In their article entitled “Accomplice to Carnage,” they accurately described the war as “an open wound for the United States.” Acknowledging their government’s partial responsibility for the catastrophe, they analyzed the frantic diplomacy that took place in the U.S. National Security Council in 2015 after Saudi Arabia requested support for its military intervention in Yemen. The picture they drew spoke of the ambivalence of a superpower torn by its desire to leave behind interventionist policies while honoring long-term security commitments. As the authors point out, the near completion of the Iran nuclear deal that same year created a sense of vulnerability for the Saudis, and the Obama administration wished to “reassure” its long-time partner by offering support.  

A latecomer to America’s drone wars, Yemen has been the first country to suffer the consequences of its policy of retrenchment — shifting responsibility for maintaining security in the region to its allies. Yet, Riyadh’s U.S.-backed military engagement in Yemen and the means by which it has been carried out — starvation as a weapon of war and the destruction of civilian infrastructure and ancient cities — bears comparison to Washington’s military misadventures in Vietnam, Iraq, and Afghanistan. While Malley and Pomper’s reflections start with the period immediately preceding the war, revisiting earlier decades helps us understand how it unfolded within the context of America’s “special relationship” with Saudi Arabia.    

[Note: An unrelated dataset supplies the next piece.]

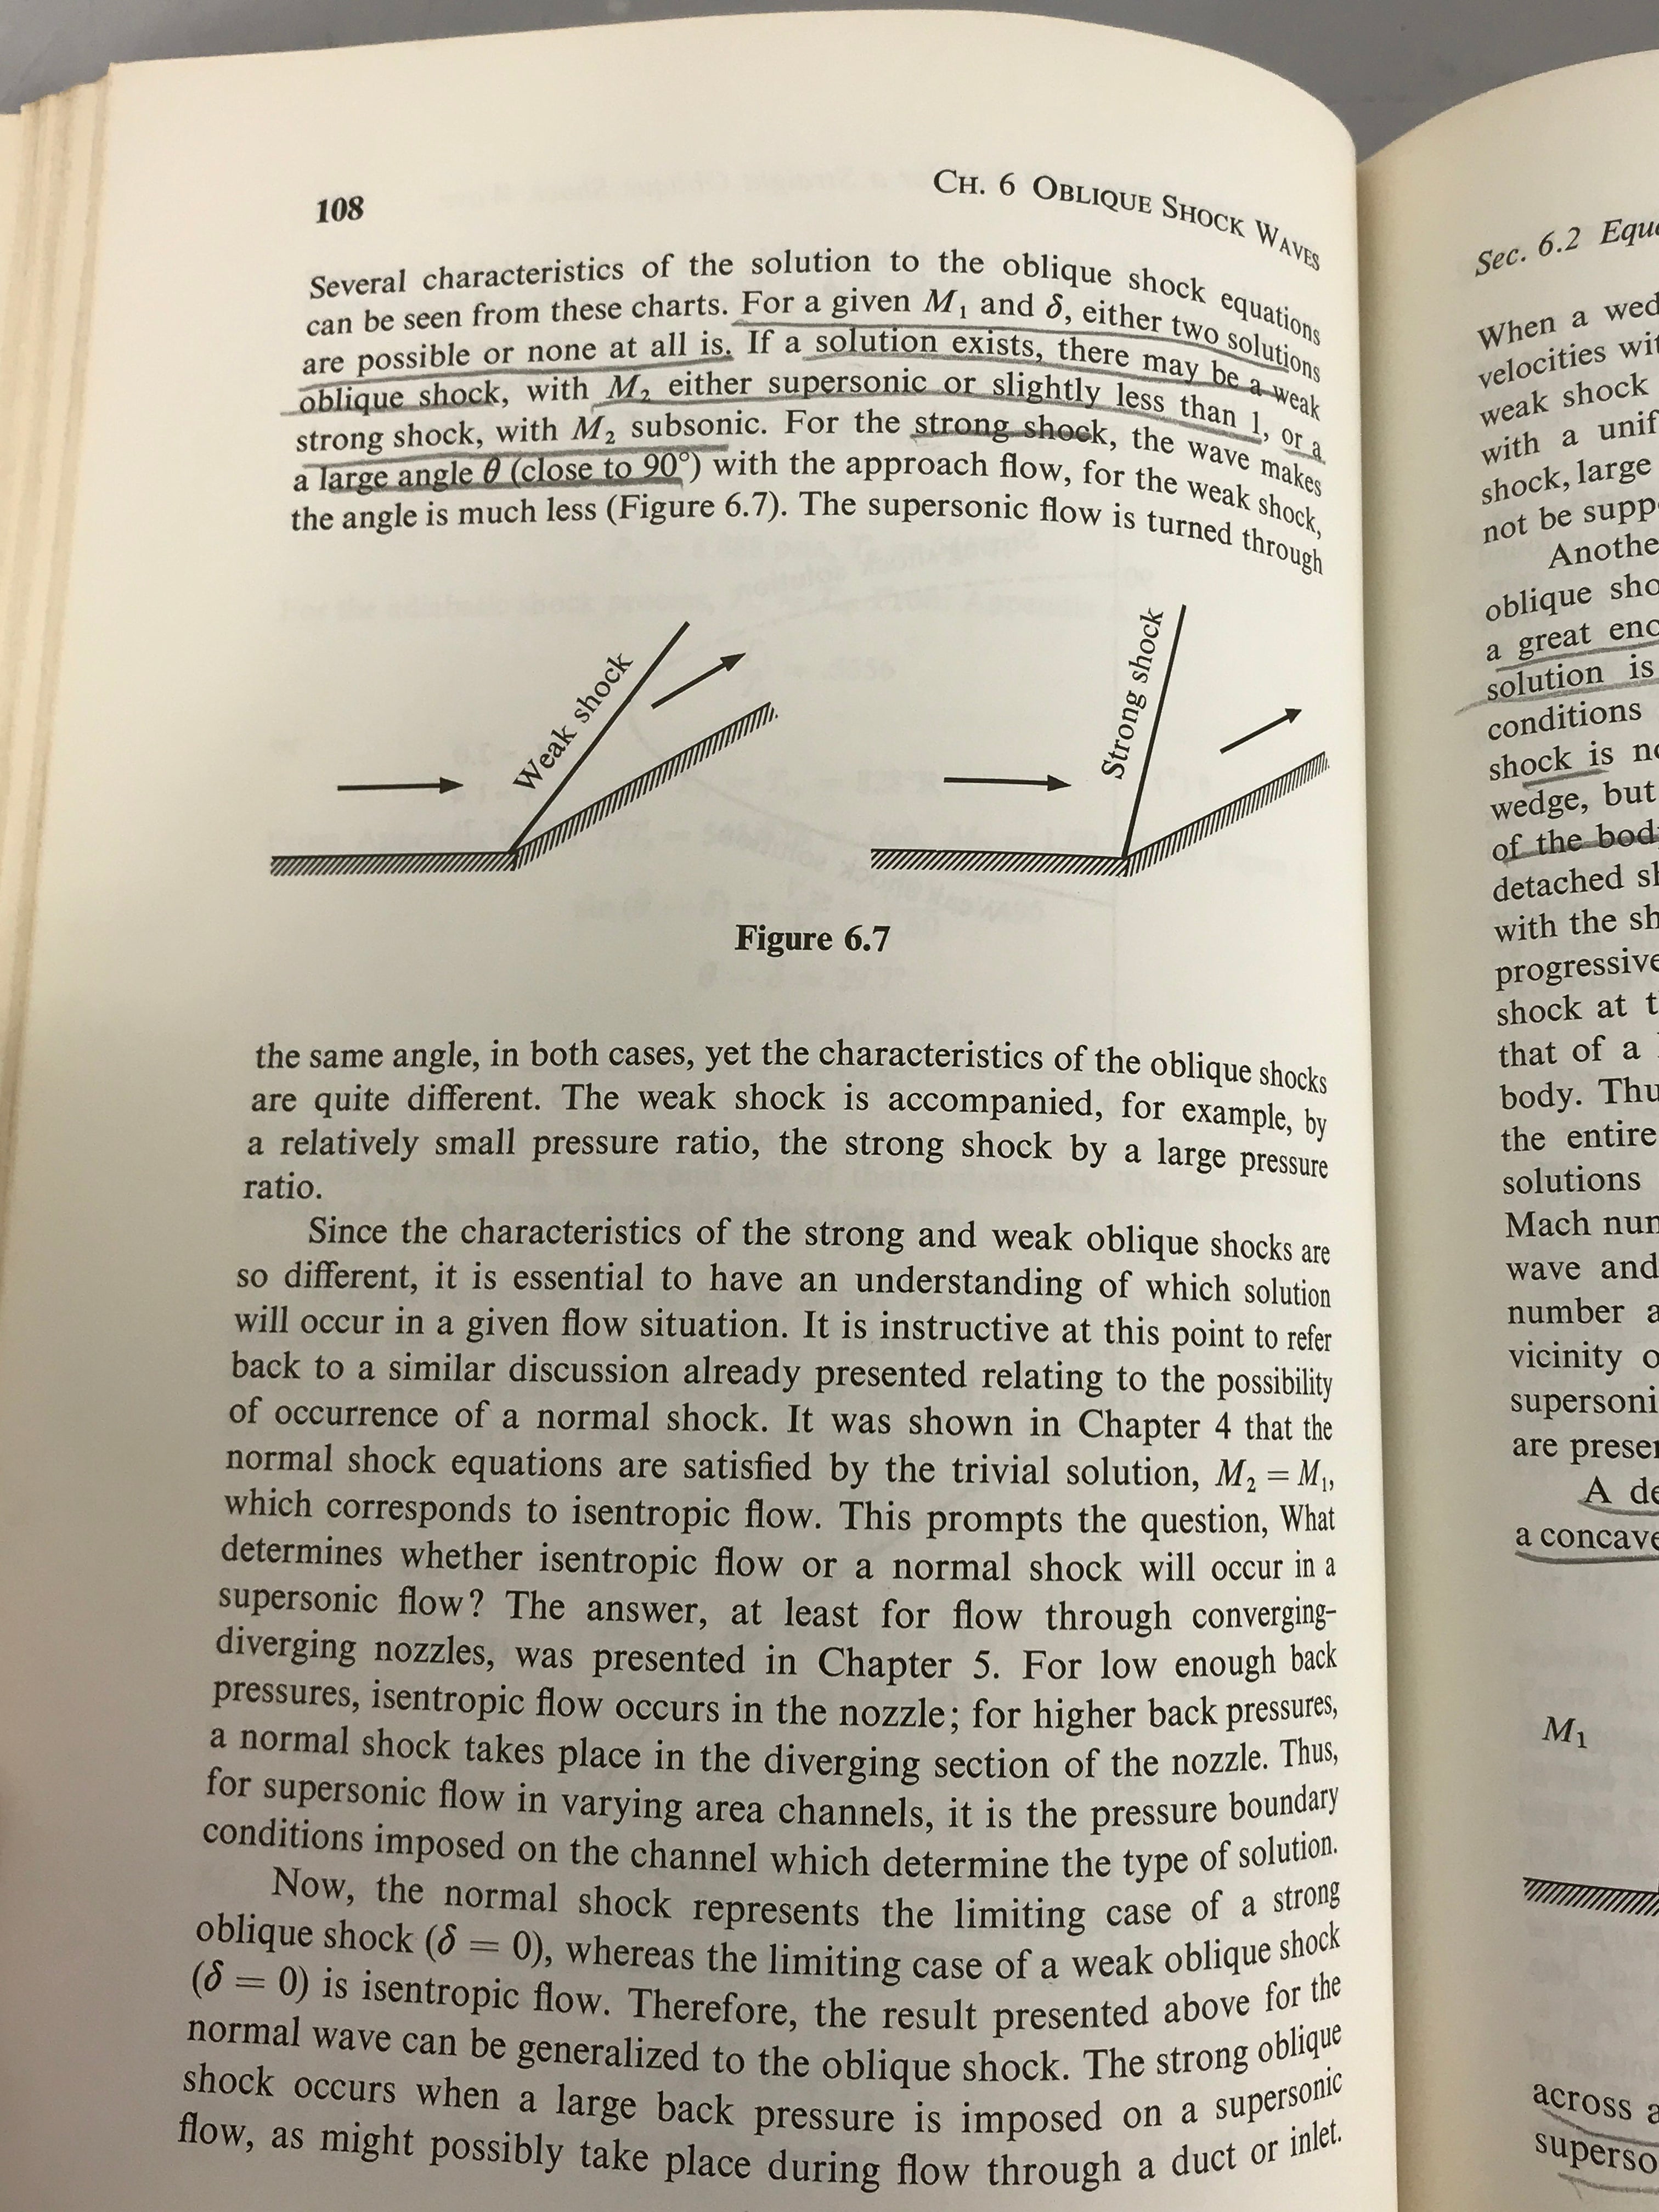 Gas Dynamics by James E.A. John 1972 Third Printing HC
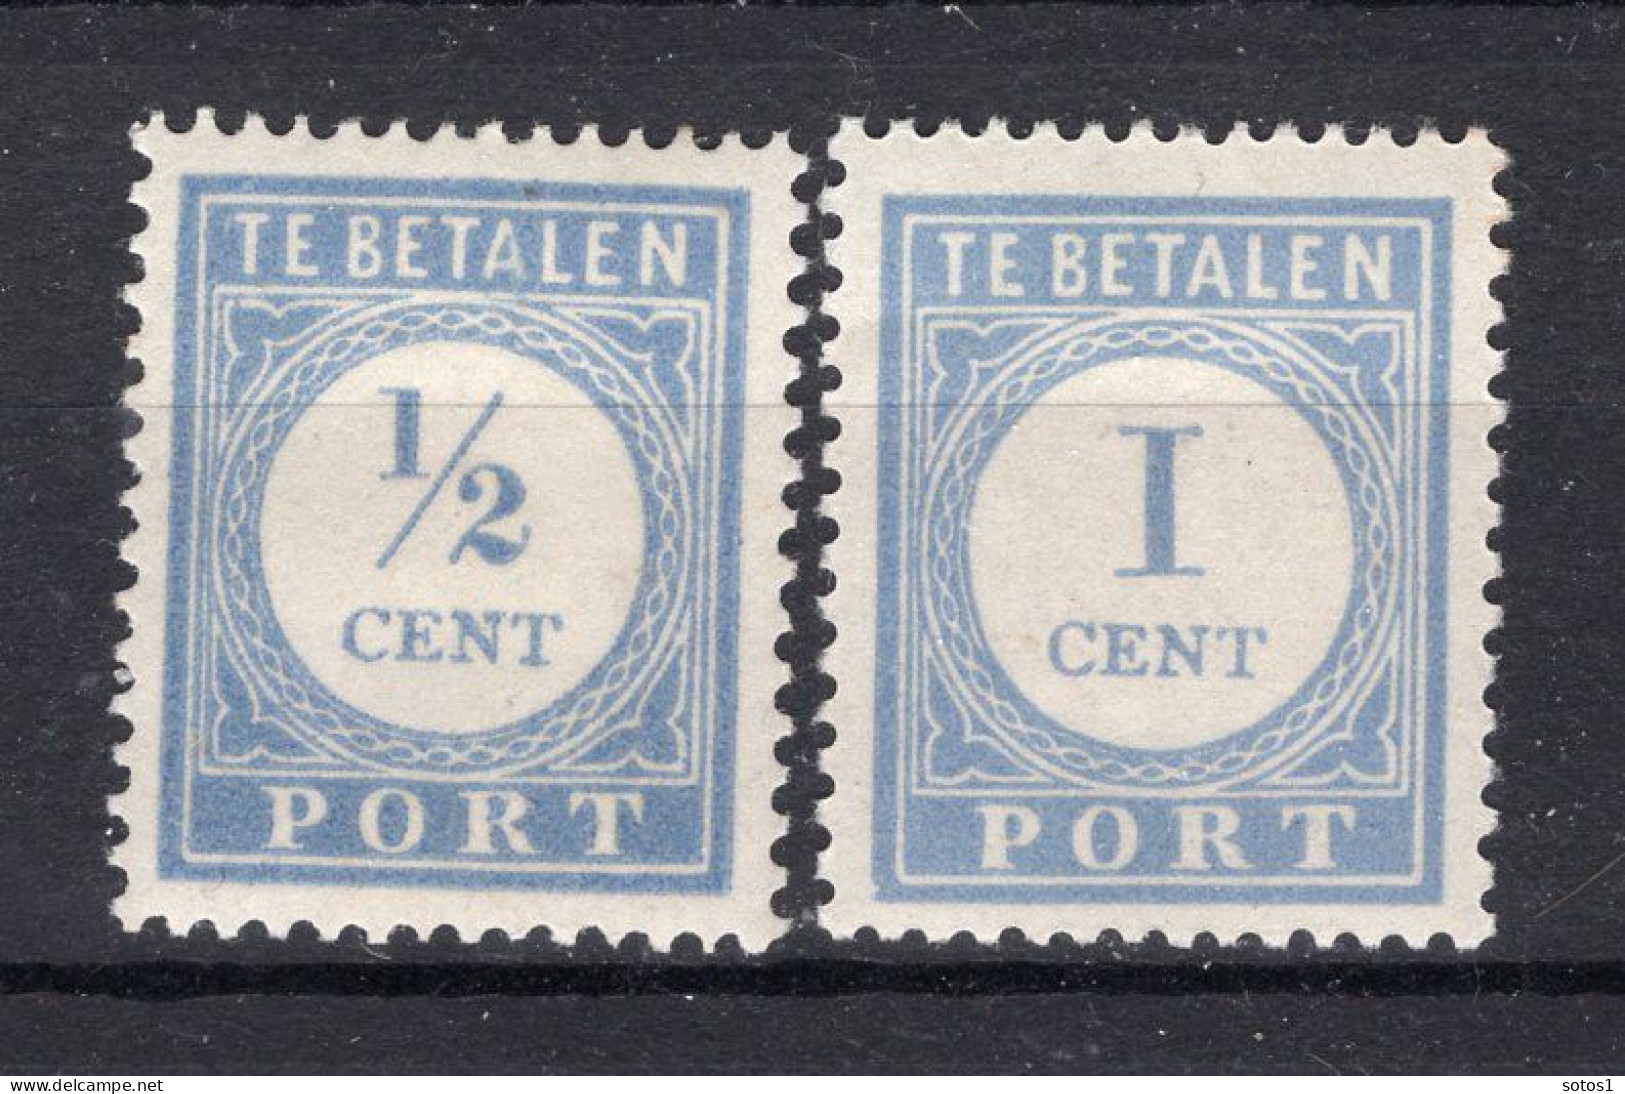 NEDERLAND P44/45 MH 1912-1920 - Cijfer En Waarde In Blauw -1 - Postage Due

Mohammad bin Salman’s Yemen expedition has certainly not occurred in a historical vacuum. Ambitious Saudi princes eager to prove their valor and fitness for rule have been conducting them for almost a century. During Saudi Arabia’s war with Yemen in 1934, the troops of Ibn Saud’s son (and future king), Faisal, occupied the Yemeni Red seaport of Hodeida. Ibn Saud twice urged him to withdraw, reminding him of the past failures in Yemen of much stronger Ottoman armies. Faisal’s occupation was short-lived.  

In 2009-10, Khalid bin Sultan, then assistant for military affairs at the ministry of defense, led a new intervention in support of former Yemeni President Ali Abdullah Saleh’s operation against the Houthis that marked the beginning of a decidedly more assertive policy. Indeed, Saudi concern with events in its southern neighbor only intensified with the advent of Yemen’s “Arab Spring,” in which the Houthis played an important part, in 2011.

Having succeeded in taking the edge off Yemen’s protest movement by replacing the reviled Saleh with his deputy, Abdrabbuh Mansur Hadi, in accordance with the transition agreement sponsored by the Gulf states, Riyadh’s leaders had hoped that the former political system would remain intact. However, taking advantage of the turmoil set off by the Arab Spring, the Houthis made sweeping territorial gain over the next four years by winning over several tribes through a combined strategy of using force, providing security, and resolving age-old feuds. 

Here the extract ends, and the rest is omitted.